* Your goal
Going through the material below, output exactly the lines from the one containing "cute sheep stuffed animal" through the one containing "Synchronous versus Asynchronous", and no pictures.

* Data provided
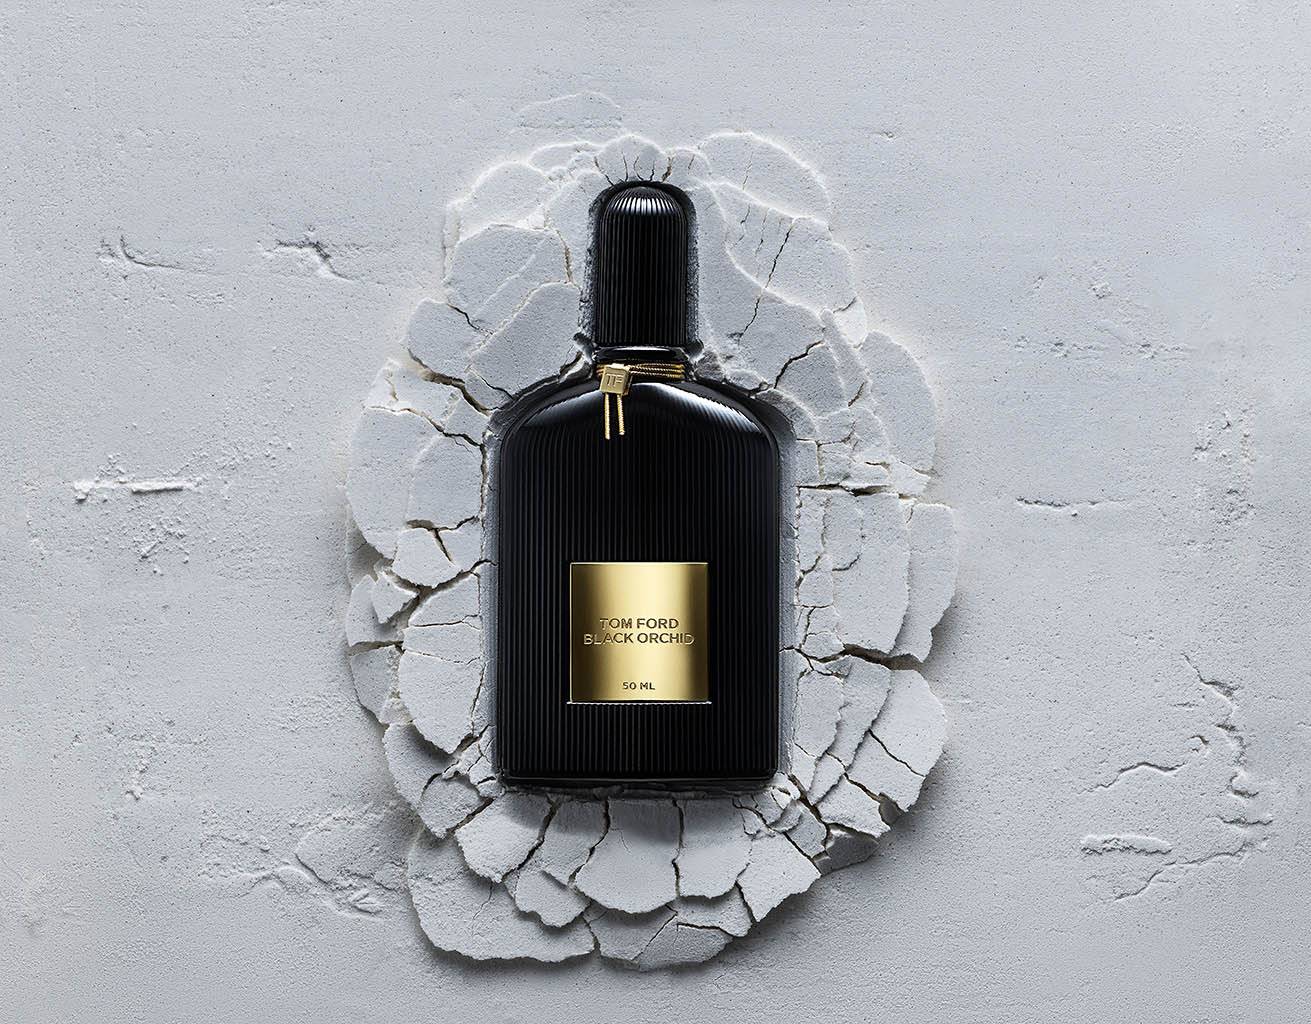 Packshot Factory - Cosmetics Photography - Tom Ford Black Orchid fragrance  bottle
--
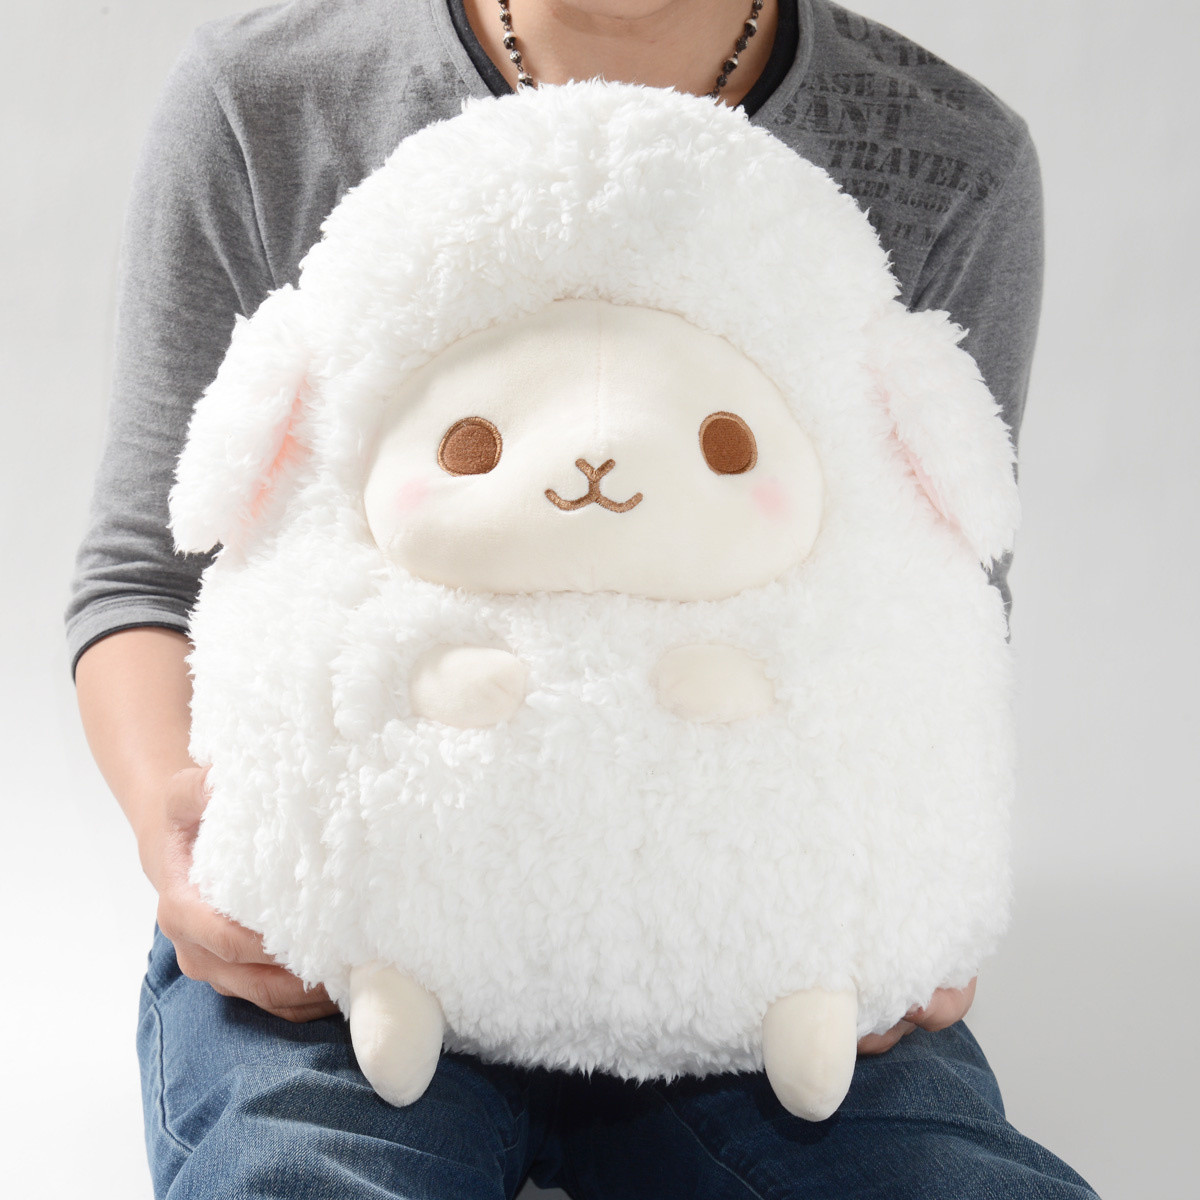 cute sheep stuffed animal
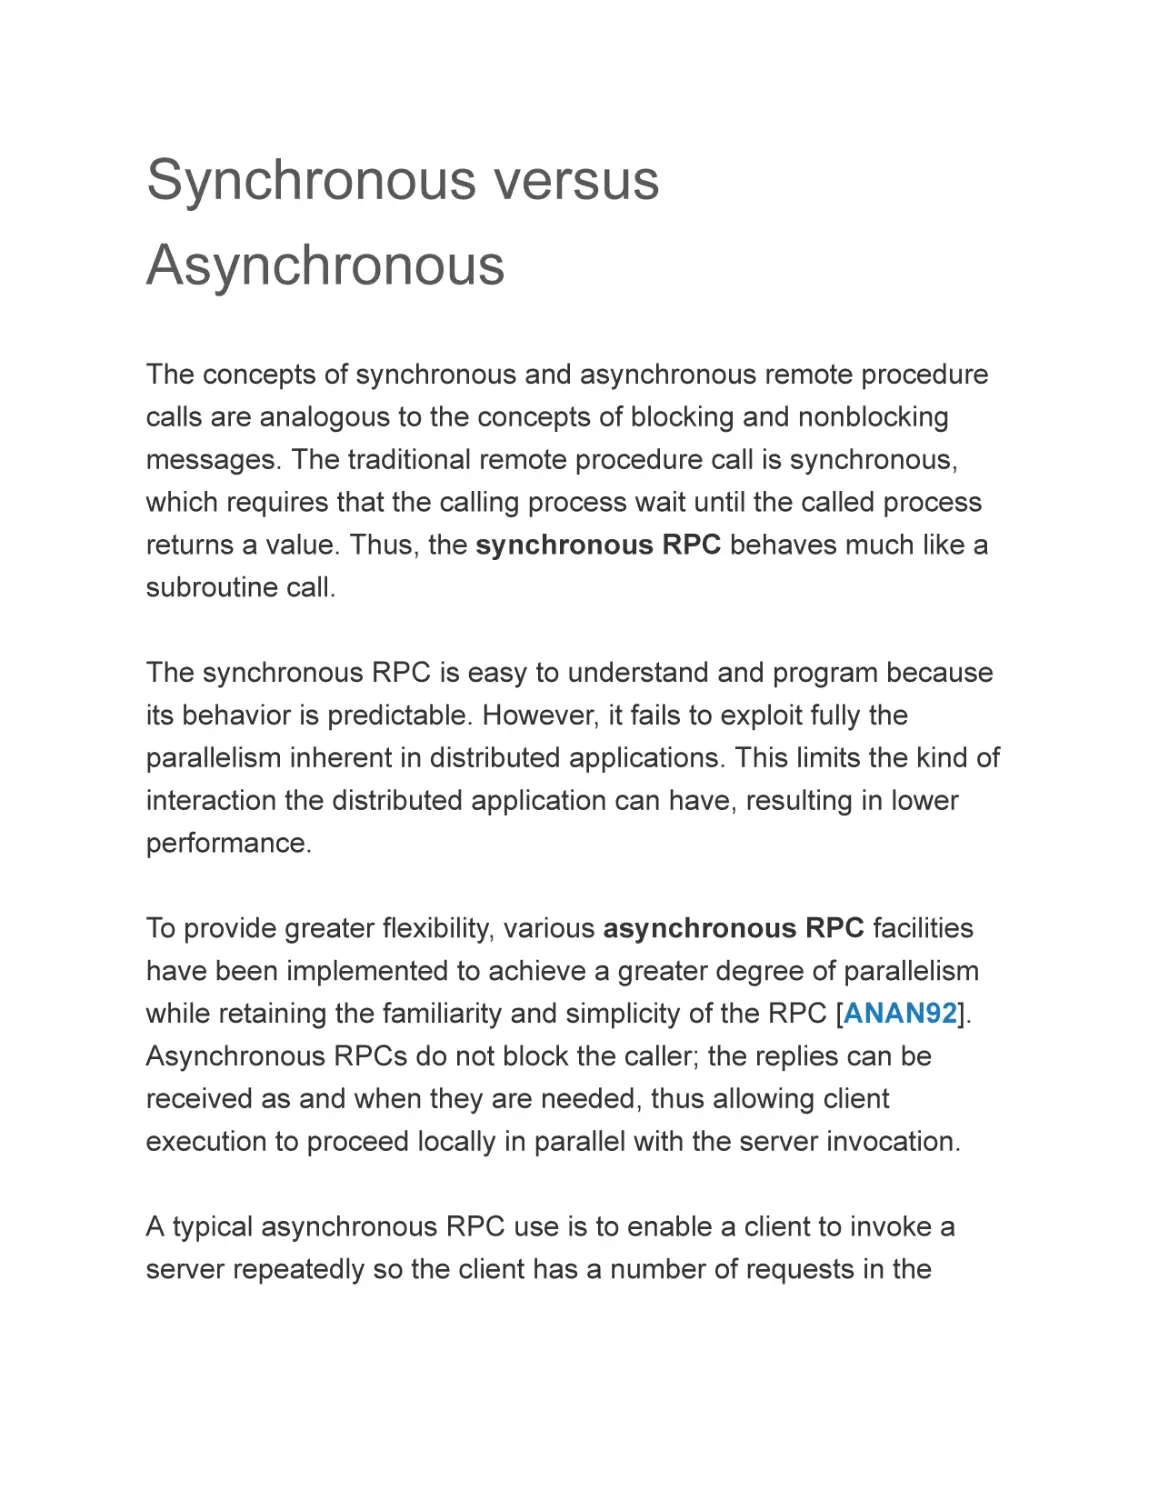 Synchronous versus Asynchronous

* Result of the task
 cute sheep stuffed animal
 Synchronous versus Asynchronous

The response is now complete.